Gentlemen, interesting conversation! How do considerations here change in the case of digitized vinyl? For example, take a Rolling Stones record from late 60s or early 70s, that has been touched by man only once or twice, and utilize top notch equipment to digitize the record (and additionally eliminate Stylus microphics)? The guy does everything to 24 / 192, and it sounds fabulous (also very few ticks and pops).
I will say straight out that I am extremely passionate about > 16 bit playback,
regardless of the signal to noise ratio of the actual material that was originally digitalised to begin with. Many are obviously going to disagree with me, but I will always steadfastly maintain that when it comes to quantisation noise in the digital domain, it does not need to be even remotely audible in order to noticeable effect what we DO hear.

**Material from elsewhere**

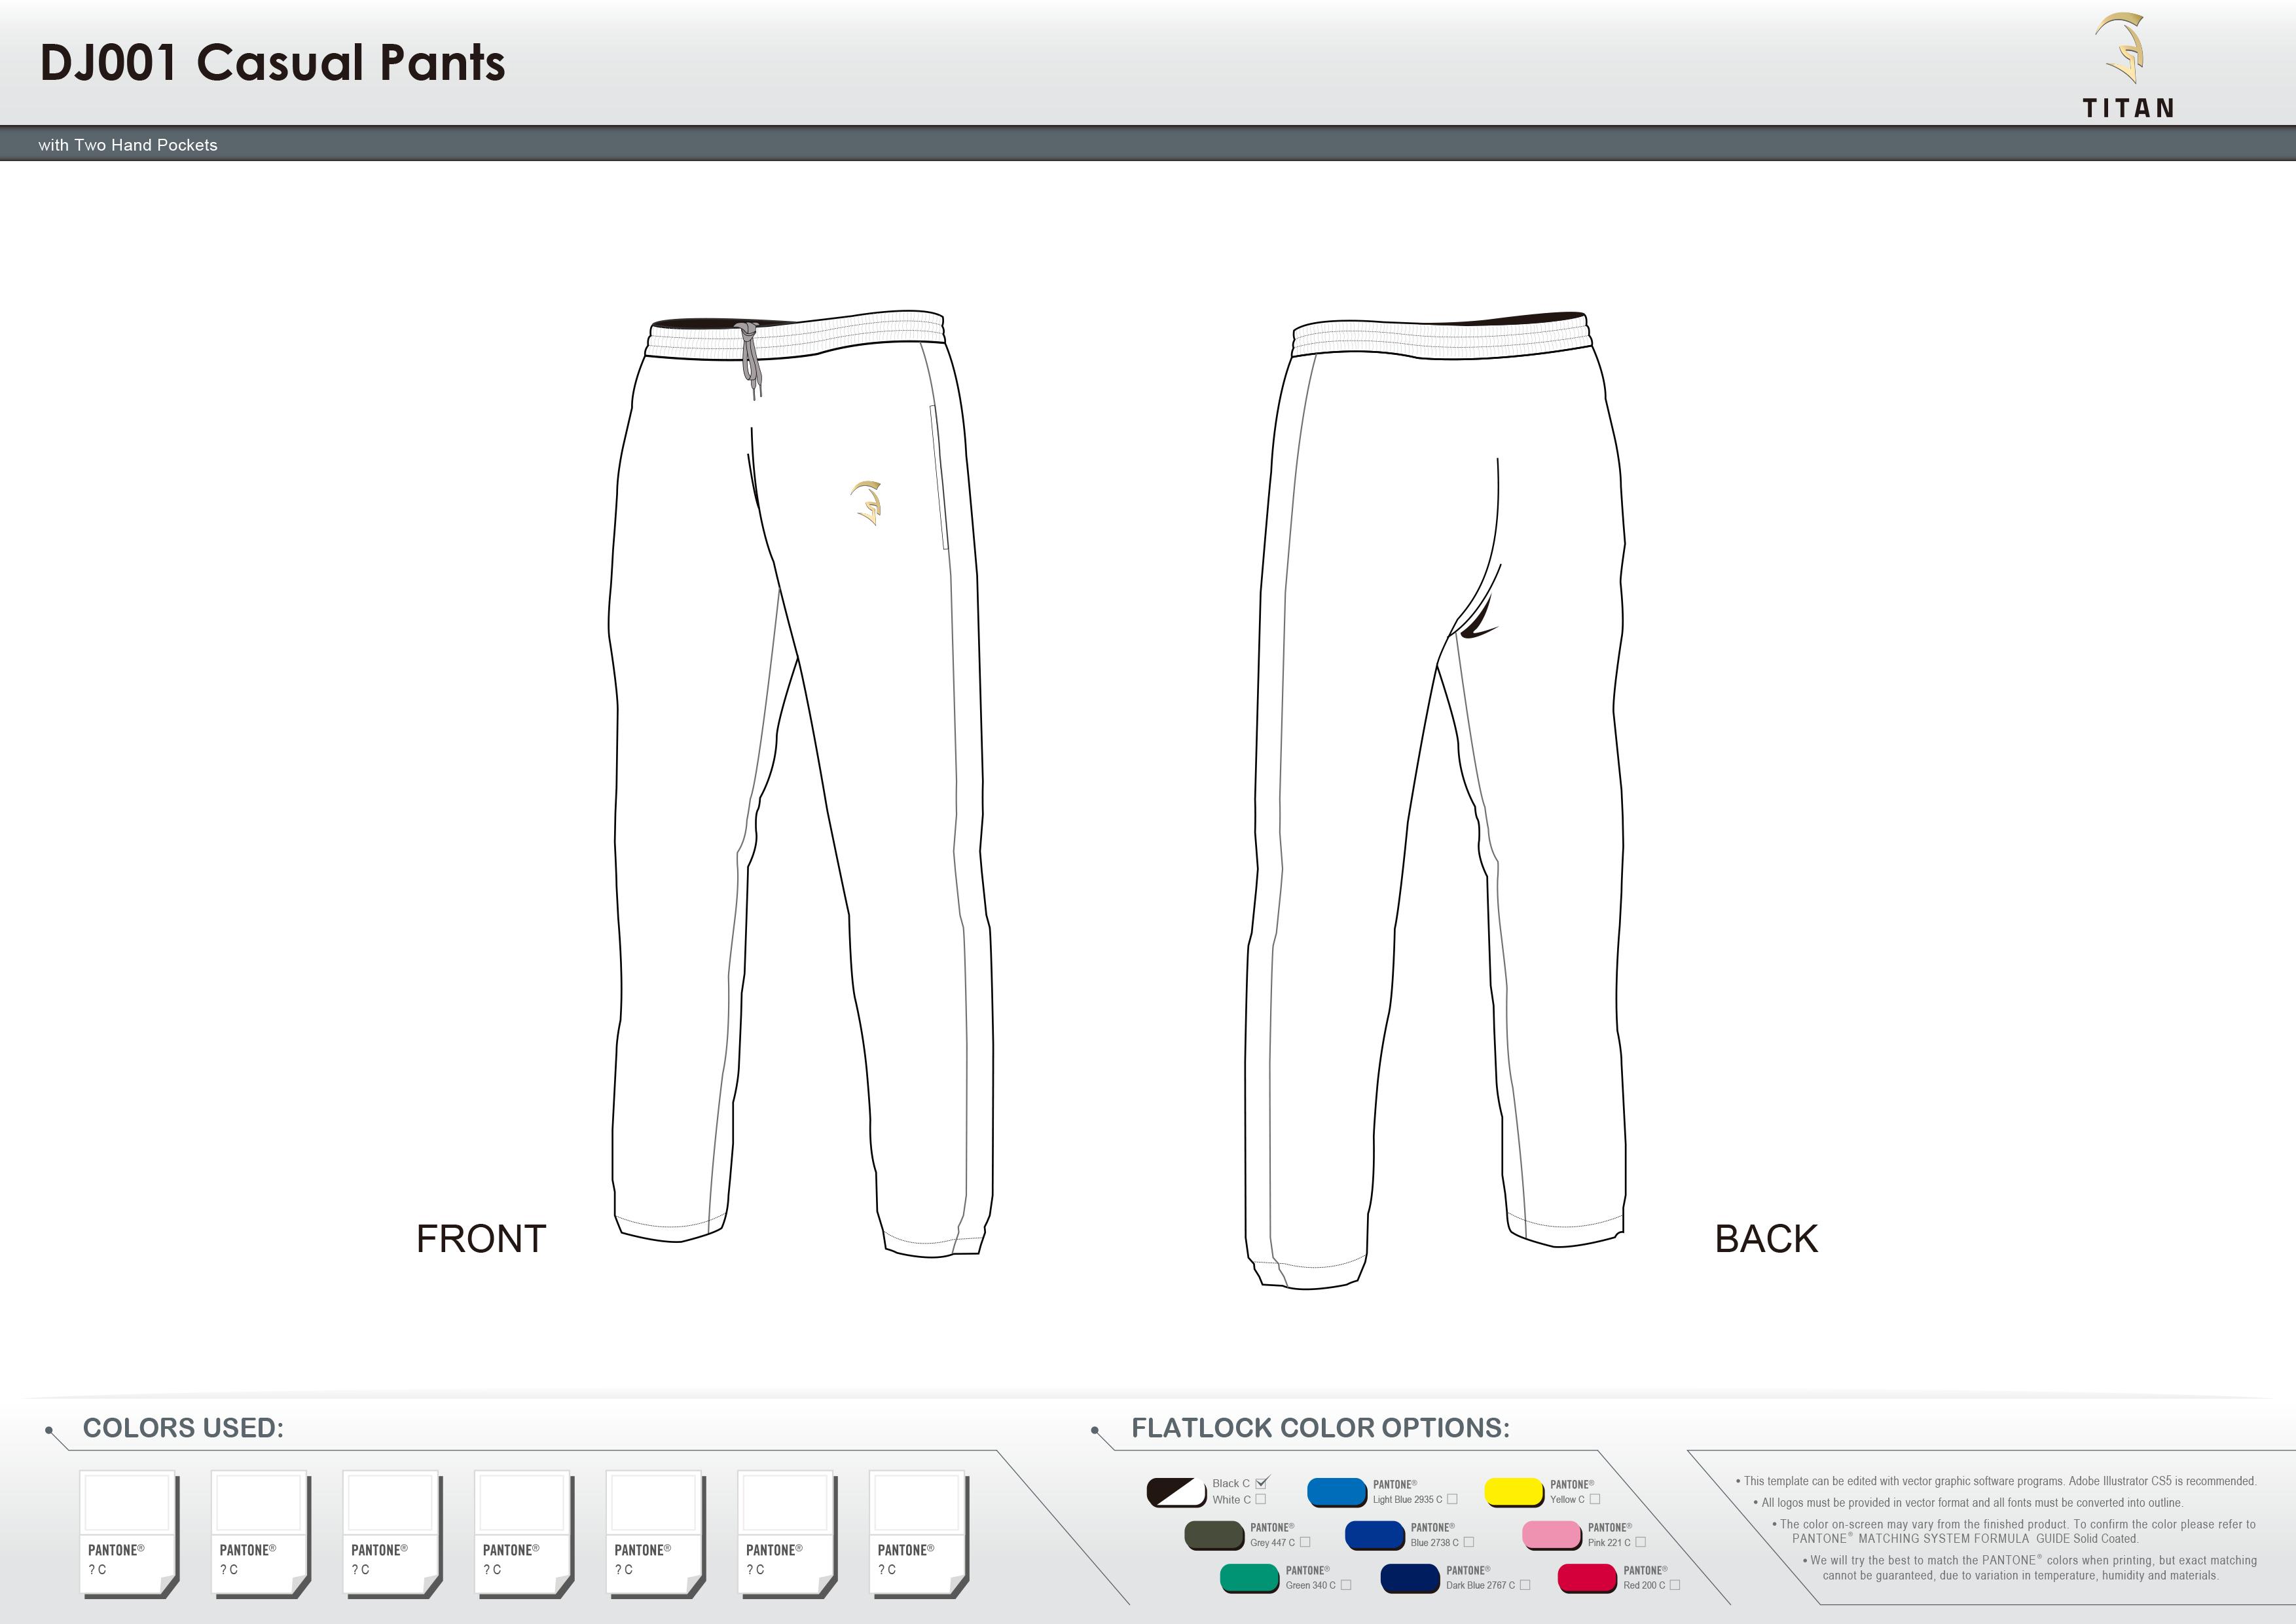 DJ001 Casual Pants

I can, for example, make a high quality 24 bit transcription of one of the modern-generation audiophile 45 RPM LP sets. Let's take for example a Decca recording from the early 1960s or even the late 50s - so pre-Dolby A to boot. The signal to noise ratio on these recordings would measure poorly to begin with, let alone the additional noise caused by it being delivered in an LP format (LP itself, turntable, phono amplifier, etc).
Yet when I take the 24 bit file I create from the above material, I can reduce the word length to 16 bits using any number of noise shaping dither techniques, and the resulting 16 bit files all sound different to each other - and none of them sound like (or as good as) the original 24 bit file. This goes against the theory that so long as the signal to noise and dynamic range of the material is less than 96 dB, then 16 bit makes no difference at all compared to 24 bit. If we believe the maths and the theory, the 16 bit files should sound identical to the 24 bit files because the signal to noise ratio is not high enough to begin with.
And I find this to happen consistently - I have never encountered any 24 bit file - even a fully digital one - that does not lose sound quality when the word length is reduced. And bear in mind when I listen, I don't listen loudly. When it comes to classical, the loudest peaks might measure only 90 dB at the most which means the average listening level is more like the low 60s dB range.
Infact only last week I was going through my 24 bit Decca vinyl LP transcriptions and determining on an individual cases-by-case basis which of three noise shaping curves I would employ (this is only for my CD versions - obviously the 24 bit files remain intact). I decided on those three curves after many months of auditioning many dither modules and the three I came up with sounded the best, even though none of them sound like the 24 bit source material. The reason for having three curves to chose from is that each curve has certain sonic strengths and weaknesses. The trick therefore is to use the curve that represents the best compromise. It is different in each and every case. But of course if I subscribed to pure mathematical theory, I've been wasting my time. But my listening skills tell me a completely different story - what happens 120 dB down is VERY audible at NORMAL (far lower than even 100 dB peak) listening levels.
The only thing I agree with is that for practical purposes, the vast majority of recording equipment isn't going to manage a whole lot better than the low 120s range to begin with. But that is still a whole lot better than 16 bits, especially when some headroom is needed during the recording process.
One additional thing I should point out even though it should be obvious - the higher the sample rate, the less effect reducing the word length will have. If, for example, I had a 96 Khz 24 bit file, I could reduce the word length to 16 bits and I would likely not be able to hear the difference. The reason for that is I can push the quantisation noise so far above the musical spectrum that it has no audible effect, whilst the audible spectrum can enjoy a noise floor exceeding 20 bits across the entire frequency range. But at low sample rates (<= 48 khz), there simply isn't enough bandwidth to have a flat noise floor below around 20 to 21 bits across the entire audio spectrum. I suppose this is also a reason why progressively higher DSD rates sound better and better too.